Послушная девочка. Тупая, молчаливая, ненужная, послушная девочка. Катька-подлиза. Звезд с неба не хватает, зато не хулиганка, не наркоманка, не хамка, не то что эти, современные… «Эти» — то есть непослушные, горячие, будто схваченные с неба звезды. Опасные, но притягательные. А вот Катерина не такая. Она никакая. Девочка-тень.
Это с нею ты собирался меня воссоединить, неожиданно понимает Катя. Слить воедино, сложить вместе, точно числа, в сумме дающие ноль. Зеро. Пустоту. Тебе удалось, Боху, Самаэль, хозяин Могильной Ямы. Я вспомнила ее, она увидела меня. Теперь придется выяснить, кто из нас больше — я или моя тень.
И маленькая Катя, не поднимаясь с колен, лишь голову повернув, многозначительно кивнула: придется. От ее взгляда взрослой, прожившей жизнь Катерине стало зябко. С прозрачного детского личика сердечком сверкнули непроницаемые, оловянные глаза. Словно кто-то взял и заменил живое, влажное, подвижное глазное яблоко на тяжелый металлический шарик. И эта мертвая оловянная поверхность СМОТРЕЛА. Она вглядывалась в Катю, ловя ответный взгляд, не давая отвернуться, не позволяя разорвать связь, давно не приносящую ничего, кроме боли и страха.
Неожиданно для себя Саграда обнаружила: это она стоит на коленях, задрав голову вверх, запрокинув до боли в шее, из глаз текут слезы, точно смотрит она на солнце, а не на темное пятно, в которое превратилась маленькая Катя.

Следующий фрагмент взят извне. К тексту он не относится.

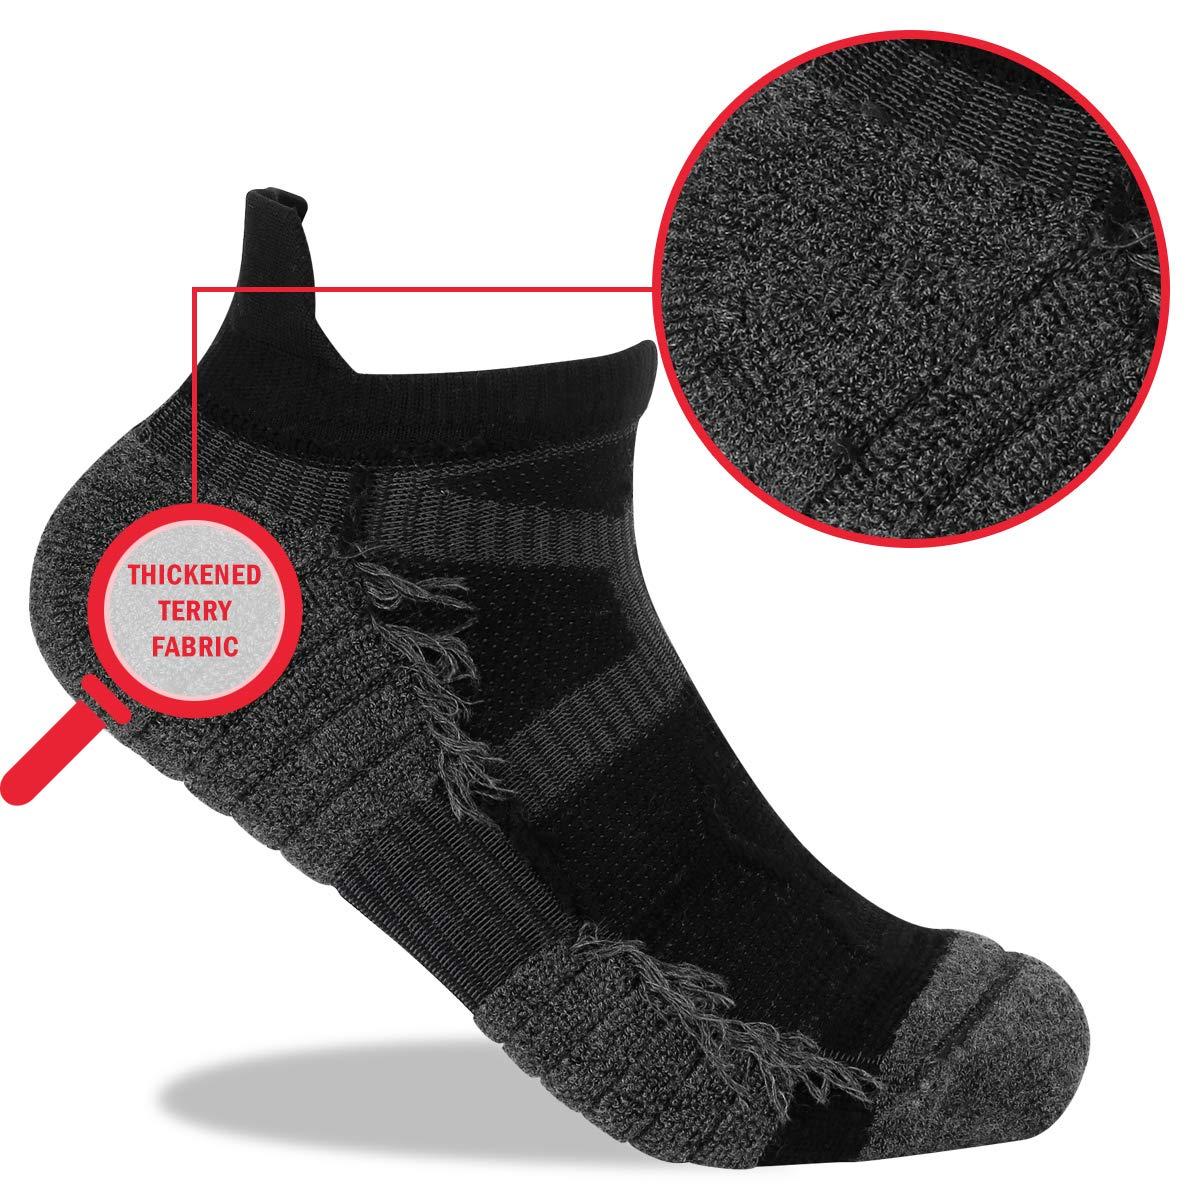 YUEDGE 3 Pares Calcetines Cortos Unisex Invisibles Respirable Calcetines de Deporte Low Cut

Пятно, заслонившее полмира.
Пятно, которое на деле — каменная стена, Катерина может заглянуть за нее, если встанет на цыпочки и вытянет шею до ломоты, как будто она снова маленькая и пытается увидеть, что там, во дворе, опираясь подбородком на скользкий край подоконника. Почему все так спуталось: она-взрослая меньше себя-маленькой, она-маленькая не дает себе-взрослой увидеть мир как он есть? И всё — из-за дурацкой маминой идеи насчет того, что стояние на коленях дисциплинирует? Катя не сердится на маму, давно не сердится, не пытается объяснить свои ошибки — ее ошибками, разделить свое чувство вины на двоих, переложить часть удушающей тяжести на родные плечи. Она лишь хочет понять, что с нею не так. Взглянуть в оловянные глаза собственной тени без страха и гнева, потому что и страх, и гнев эти направлены от нее, Катерины, к ней же. И ранит она СЕБЯ, не монстра, пришедшего извне.